Enterprise command reference.

Command Snapshot

Field Value
Category DDL and Administration
Mutates Data No
Scope Statement
Privilege Model Requires DDL/administrative privilege according to target object scope.

Purpose

Executes the SHOW COLUMNS SQL command with MonkDB distributed runtime semantics.

Syntax

SHOW COLUMNS { FROM | IN } table_name [ { FROM | IN } table_schema ] [ LIKE 'pattern' | WHERE expression ]

Operational Notes

  • Use schema-qualified identifiers in automation and automation pipelines.
  • Validate behavior in staging for cluster-impacting or governance-impacting changes.
  • Confirm runtime effects through system tables and metrics before and after execution.

When to Use

  • Use during planned schema and runtime administration changes.
  • Use in automation pipelines with environment-specific validation and rollback strategy.

When Not to Use

  • Avoid during incident windows unless the command is part of approved mitigation.
  • Avoid schema changes in peak traffic windows without staged rollout.

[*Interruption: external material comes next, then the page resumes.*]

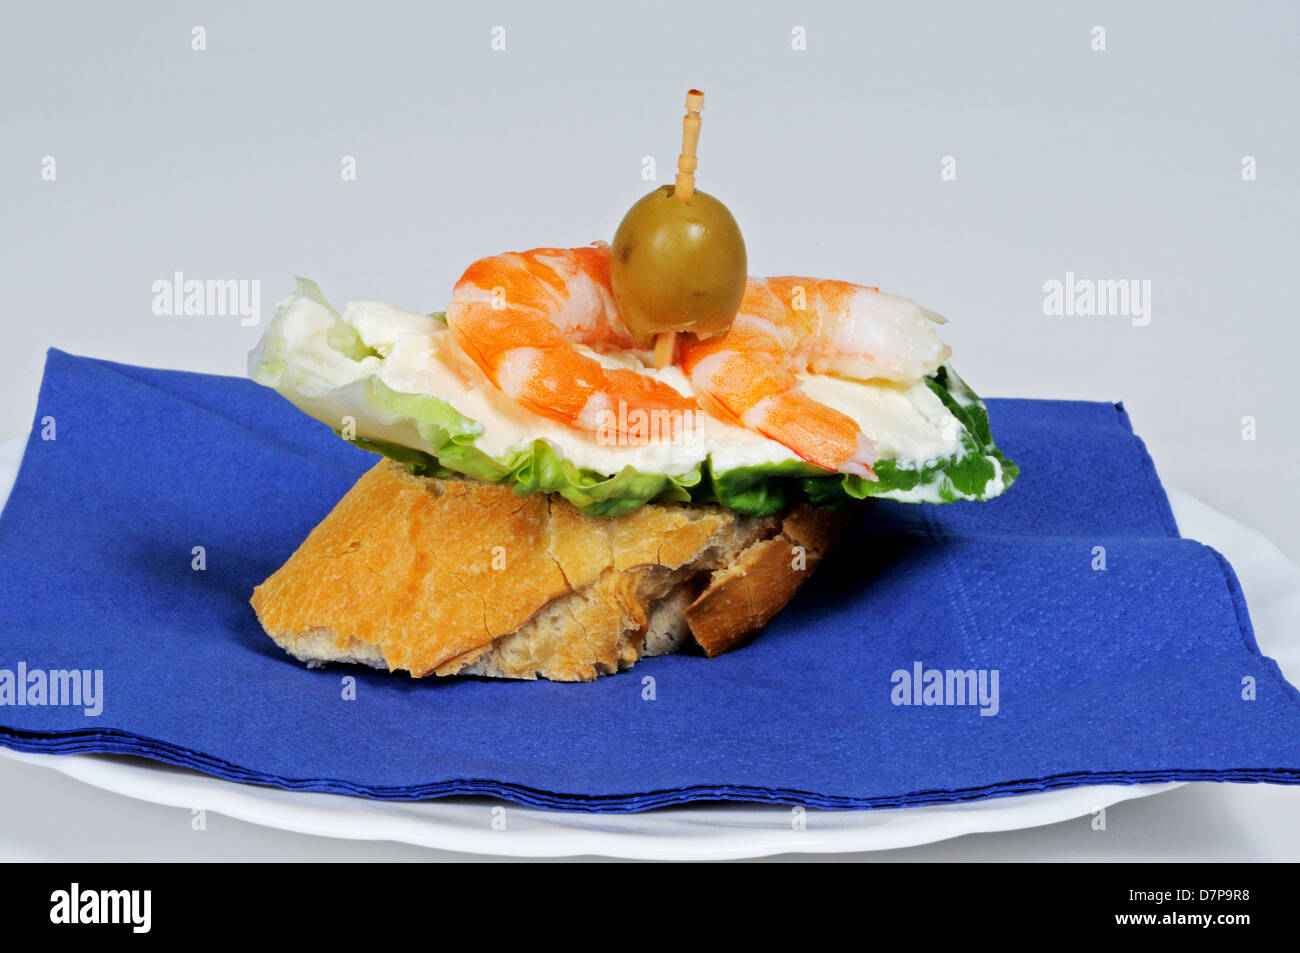 Kopfsalat mit Sahne Käse und Garnelen Tapa garniert mit grünen Oliven und serviert auf knusprigem Brot gefüllt. Stockfoto

Common Errors and Troubleshooting

Symptom Likely Cause Action
Permission denied / unauthorized Missing privilege on object or cluster scope Re-run with required grants or elevated admin role.
Analysis/parse error Syntax variant or object shape mismatch Compare with canonical syntax and object definition.
Runtime failure under load Resource limits, breaker pressure, or node state transitions Check sys.jobs, sys.operations, sys.checks, and retry after mitigation.

Cross-References

Detailed Reference

The SHOW COLUMNS command is commonly used across SQL-based databases, including MonkDB, MySQL, and others, to retrieve metadata about the columns of a specified table. Below is a detailed breakdown of its usage, syntax, parameters, and clauses.

SQL Statement

SHOW COLUMNS { FROM | IN } table_name [ { FROM | IN } table_schema ] [ LIKE 'pattern' | WHERE expression ]

Description

The SHOW COLUMNS command fetches metadata about the columns of a specified table. It provides information such as:

  • Column names
  • Data types
  • Nullability
  • Keys (e.g., primary or foreign keys)
  • Default values
  • Additional attributes (e.g., auto-increment)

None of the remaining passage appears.